Friday, January 05, 2007

*can* vs. *do*

There is a big difference, in my opinion (which is rarely humble, by the way), between actually doing something, and knowing you *can* do it at any time.

Typically, knowing you *can* is more than enough for people in most circumstances.

Example: a new submissive/dominant couple begins to explore. She tells him that she'll give him whatever control over her life that he'd like. He says fine, and makes a list of things that he is able to control about her life: clothes, food, phone and computer time, etc. A month passes, and the couple is happily living life, and yet - he's never made any demands on her about her clothes, food, computer, etc.

Why aren't they complaining? Because while he *hasn't* made any demands, he *can*, at any moment and they both know it. She stays on her toes, because at any moment, he could take away her chocolate or her favorite black blazer.

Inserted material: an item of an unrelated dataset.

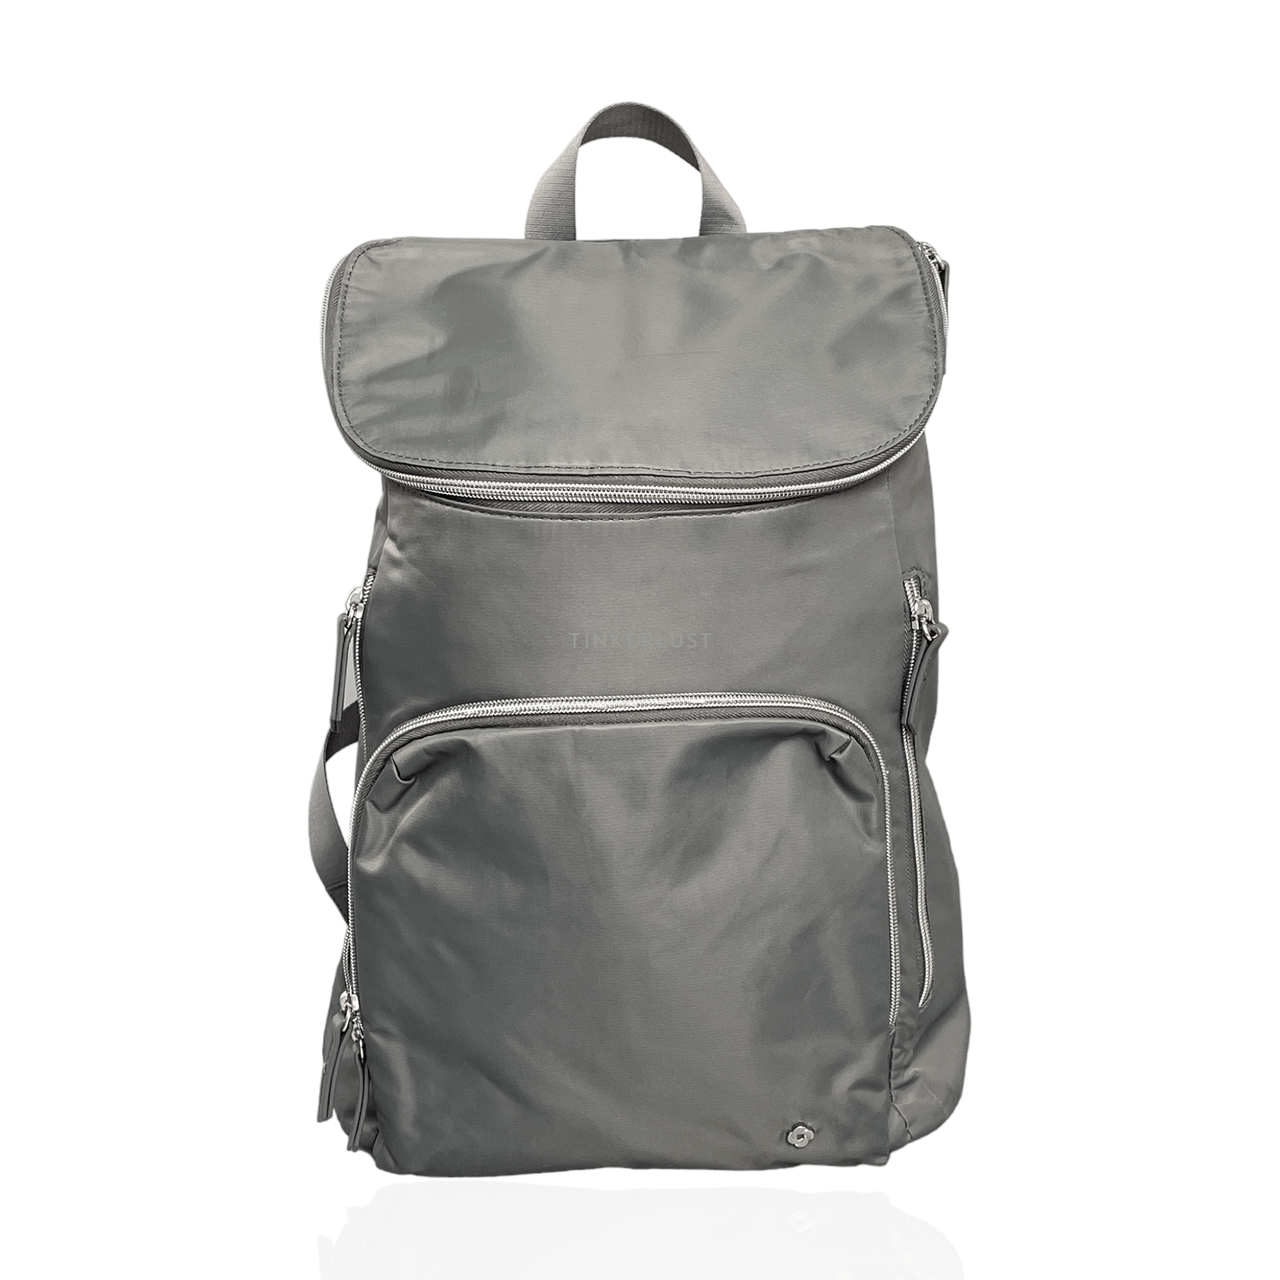 Samsonite Grey Backpack

Oh, I know that doesn't work for everyone. There are submissives (and I've met a lot of them) that need the *actual* control day and night. They aren't happy roaming around in the *can*, they need the *do*. Even if the dominant from the couple above would make a small demand (red blouse, black spike heels to dinner) once every month or so, it wouldn't be enough for some submissives. There's nothing wrong with that, of course, but there's a more-than-fine-line between the *do* and the *can*, and I'm not entirely sure that everyone "gets that" when they first start exploring this lifestyle.